Он ответил с достоинством:
— Не положено это, Володя, в минном деле — рассеянность. Пришлось отвыкать.
О землетрясении рассказал более или менее подробно, о Наде же Кондратьевой упомянул вскользь и как-то неохотно:
— Виделись с нею потом в Москве. Тоже помогла. Она, знаешь, очень хорошо объяснила мне меня.
Что это означало, я не понял, но не стал уточнять.
— А дядю Илью, маячника, не забыл? — спросил я, — Где он?
— У партизан, говорят. Ушел в горы. Тетя Паша жива. Санитаркой в госпитале. А твои где?
— Тимофей — в Чкалове, в пехотном училище. А старики умерли, Мыкола.
— Жаль. Стало быть, никого в Севастополе нет?
— Теперь ты есть…
Нужно отдать Мыколе справедливость — он в полной мере проявил флотское гостеприимство. Меня даже поселили в кубрике флагманских специалистов, что было против правил. Койки там стояли друг над другом в три ряда, и табель о рангах действовала в обратном порядке: младшие по званию офицеры размещались на верхотуре. Я устроился бок о бок с Мыколой под самым потолком.
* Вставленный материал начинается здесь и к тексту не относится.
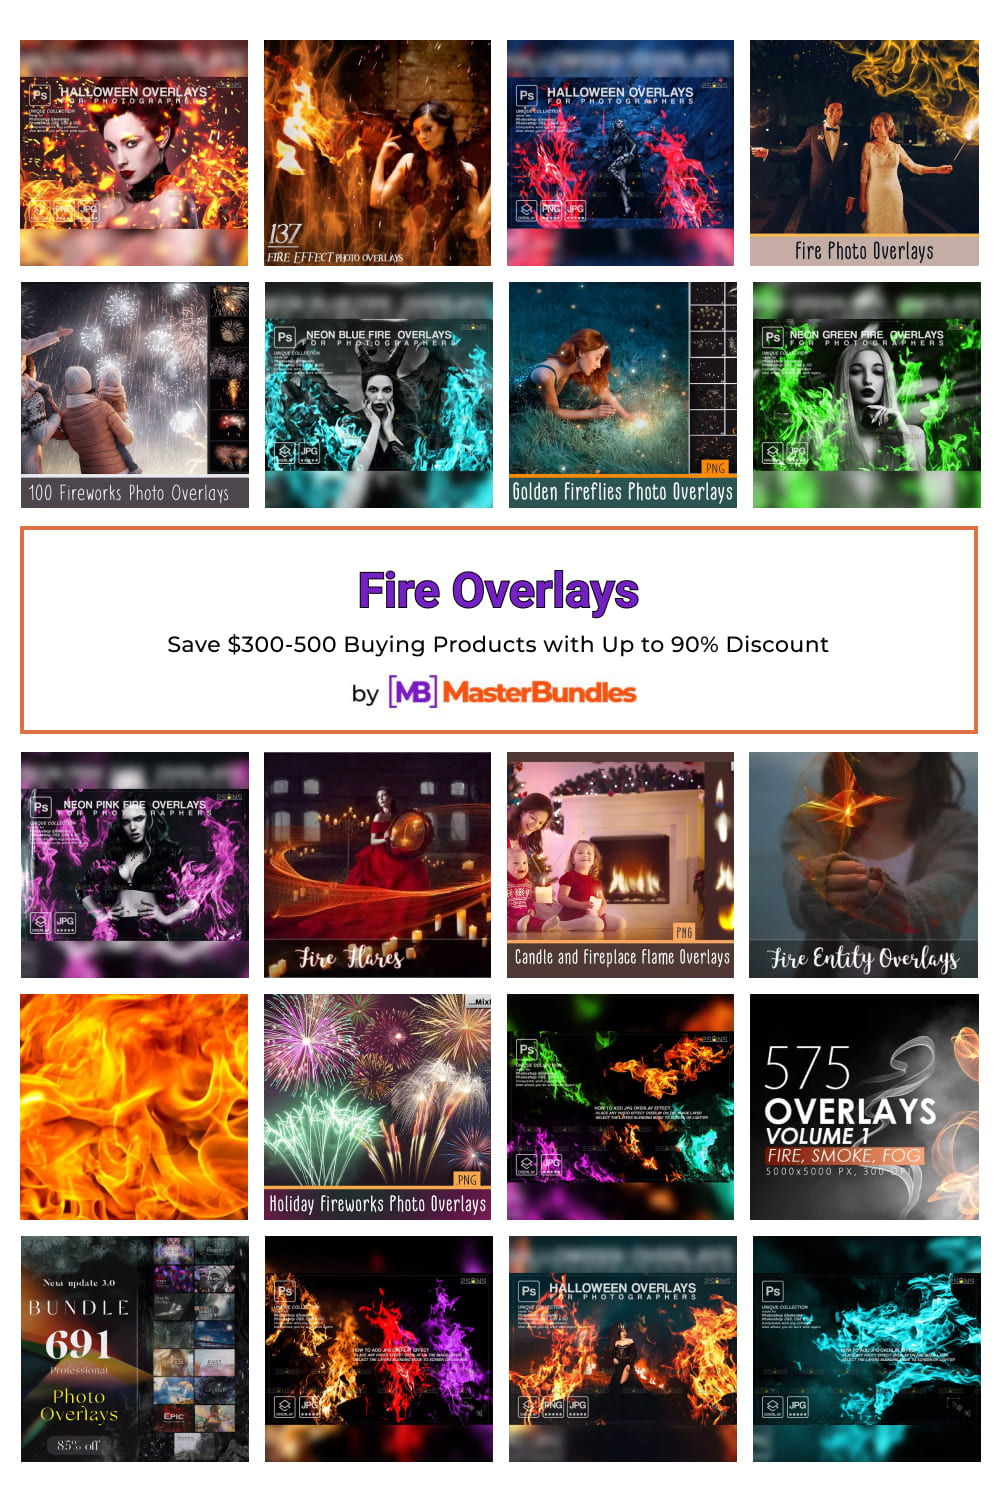 Fire Overlays Pinterest image.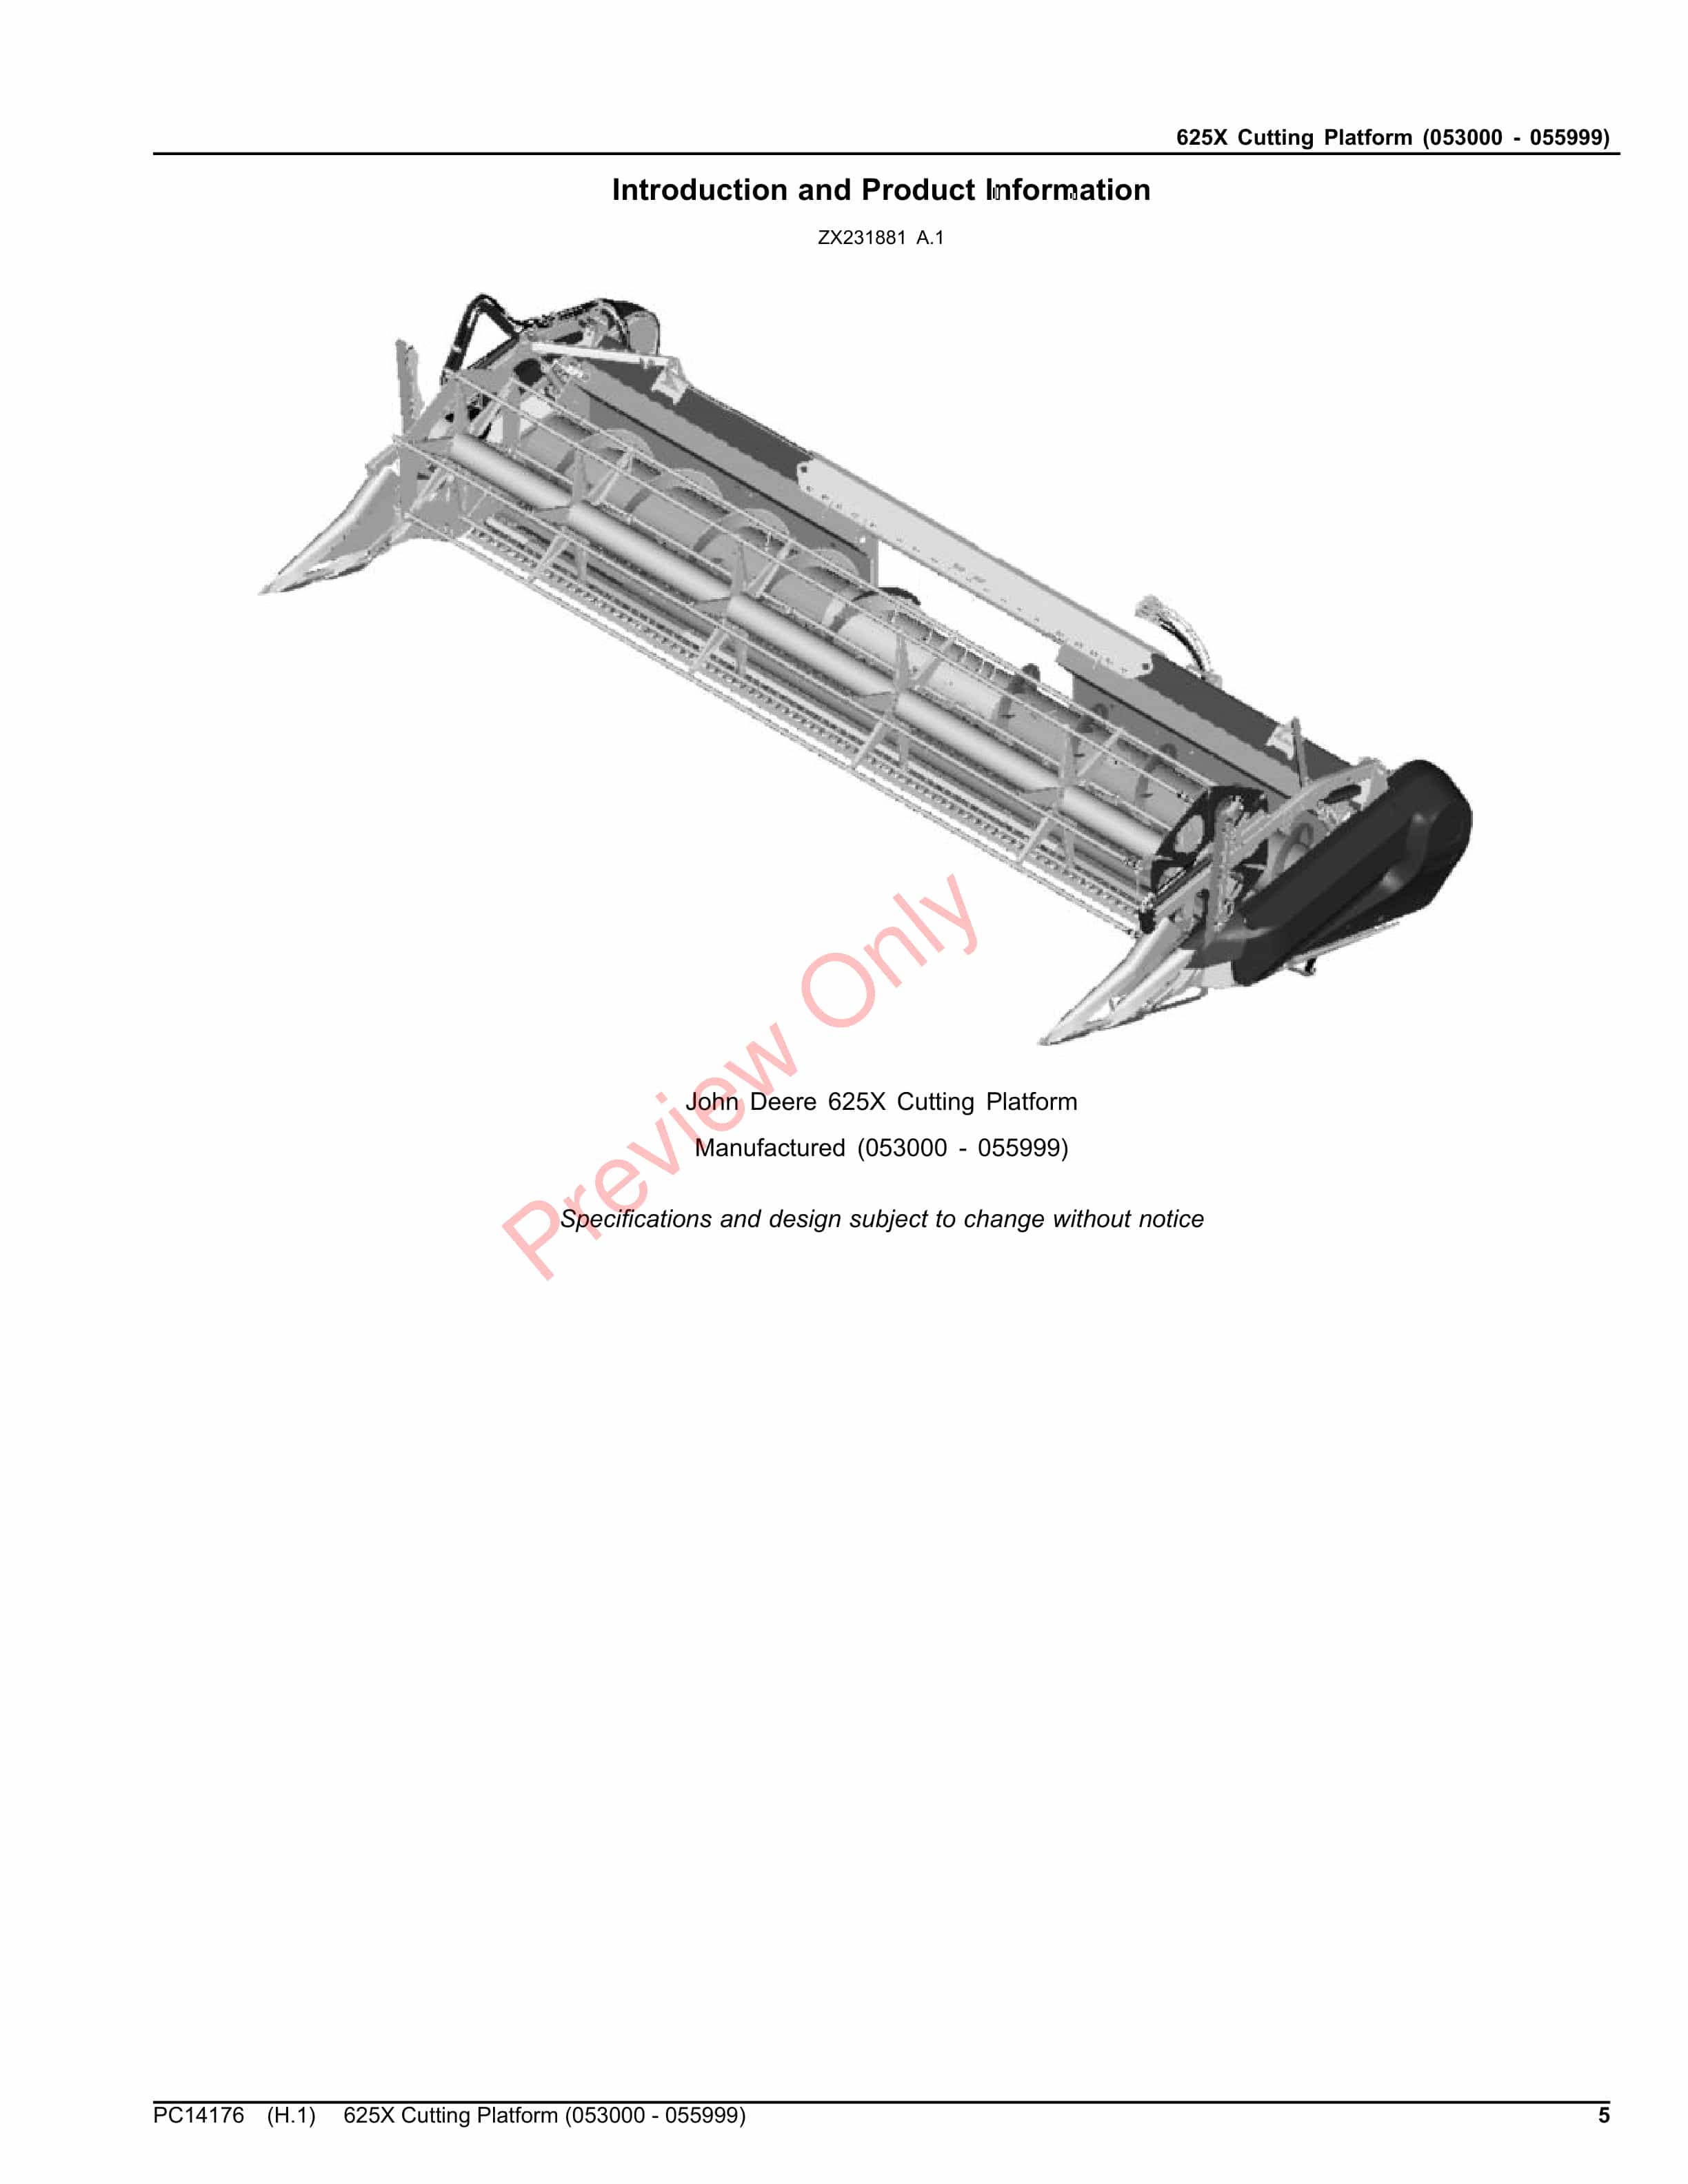 John Deere 625X Cutting Platform (053000 &#8211; 055999) Parts Catalog PC14176 12APR22-5

Надеюсь, что Мыкола не пожалел об этом. За те годы, что мы не виделись с ним, я тоже изменился кое в чем — стал, например, очень дотошным и настырным в разговоре. Что поделаешь: профессиональное! Стараюсь во что бы то ни стало докопаться до сути вещей (на войне — до сути подвига). Собеседников это, понятно, утомляет.
Впрочем, о Наде как раз я не расспрашивал Мыколу. От однокашника его по училищу узнал, что она накануне войны приезжала в Севастополь и здесь между нею и Мыколой произошла ссора.
Вот оно что! Мыколе не повезло в любви. Ранка в душе еще саднит, каждое неосторожное прикосновение причиняет боль.
Но разоружение мин — это же совсем другое, к личной жизни не имеет отношения! И потом, я просто обязан был знать все об этом, коль скоро собрался писать о Мыколе очерк в газету.